"Buku masakan saja, saya dulu suka masak."
Aku pun pamit sebentar untuk mengambilkan buku yang ia minta dan kurang dari 5 menit aku kembali menemuinya.
"Bu, ini bukunya." Kusodorkan sebuah buku berisi kumpulan resep-resep masakan.
"Apa saya minta dibawakan buku?"
Aku terdiam, demensia ini ternyata memang sudah benar-benar mempengaruhi daya ingat bu Nani. Tak kehabisan akal, kucoba menawarkan pilihan lain, mengajaknya bercerita. Kutanyakan apa makanan yang ia suka, nama-nama artis lawas yang mungkin pernah jadi idolanya dan banyak hal lainnya. Aku berusaha tak menyinggung perihal keluarganya. Ternyata, bu Nani lebih suka dengan aktivitas ini. Dari bibirnya mengalir deras sejumlah cerita tentang hal-hal yang kutanyakan. Dan yang semakin membuatku senang adalah di sela ceritanya, bu Nani sempat terkekeh menceritakan itu semua.
Dari caranya bertutur, sepertinya bu Nani bukan orang sembarangan. Kalimat demi kalimat tersusun dengan sangat baik. Bu Nani bisa membuat orang yang diajaknya bicara merasa nyaman mendengarkannya.
*
Waktu berlalu begitu cepat, genap satu tahun aku menjadi pendamping di panti ini. Aku senang saat para lansia mengingat nama dan memanggilku kala mereka butuh bantuan.
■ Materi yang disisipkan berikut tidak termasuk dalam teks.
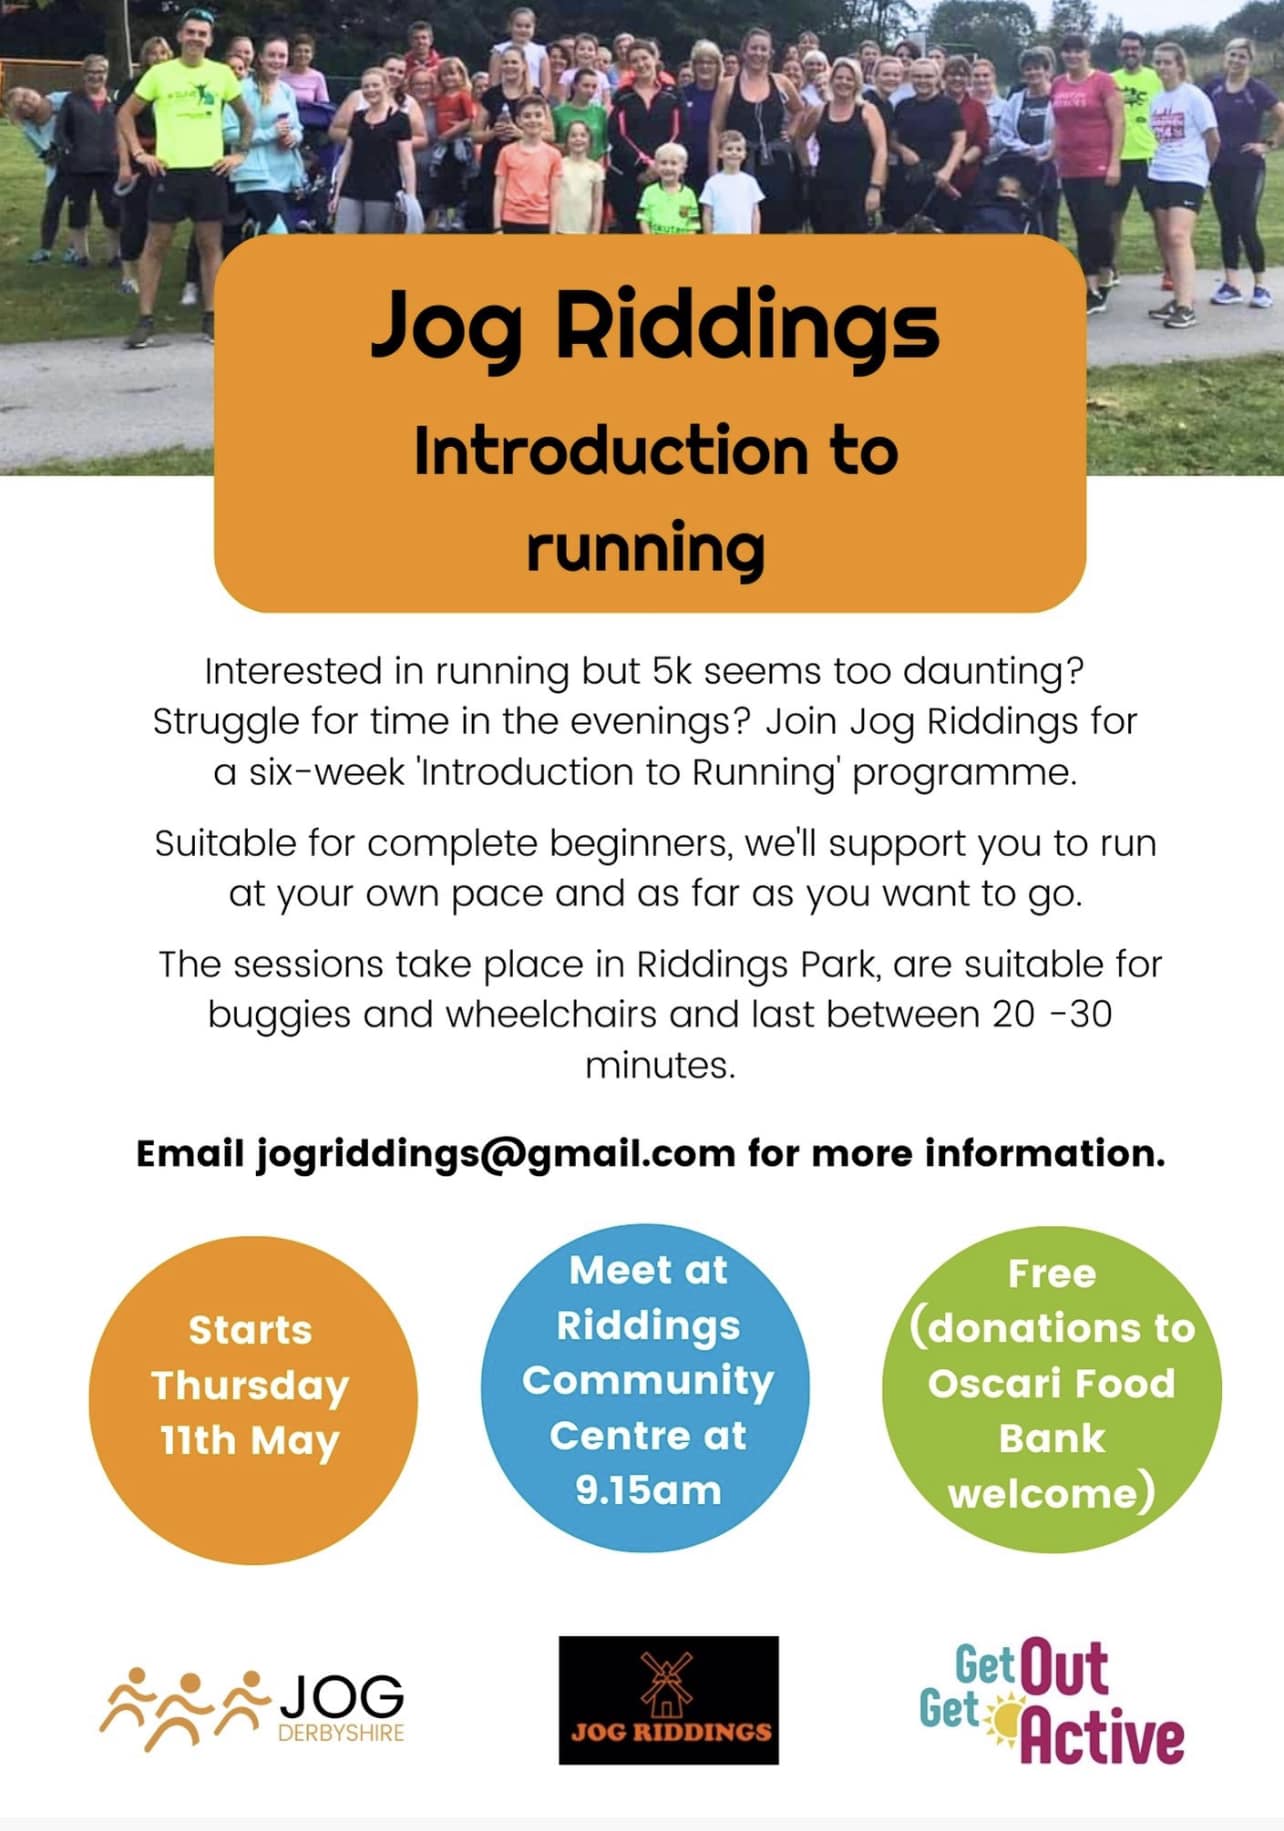 Jog Riddings will host a new Introduction to Running Class

Walau begitu, di antara puluhan lansia, hanya Bu Nani yang masih sulit mengingat namaku. Tak hanya aku, seorang Galuh pun yang setiap hari merawatnya kerap terlupa namanya.
Setiap hari jadwal istirahat para pendamping harus bergantian. Siang itu, aku mendapat kesempatan makan bersama Galuh dan tugas kami sementara digantikan oleh pendamping yang lain. Selama kami menikmati makan siang, mata Galuh tak lepas dari sosok Bu Nani yang tengah berbincang dengan lansia lain di taman yang berseberangan dengan ruang makan.
"Luh, dari gaya bicaranya, sepertinya bu Nani itu dulu wanita karier, ya?"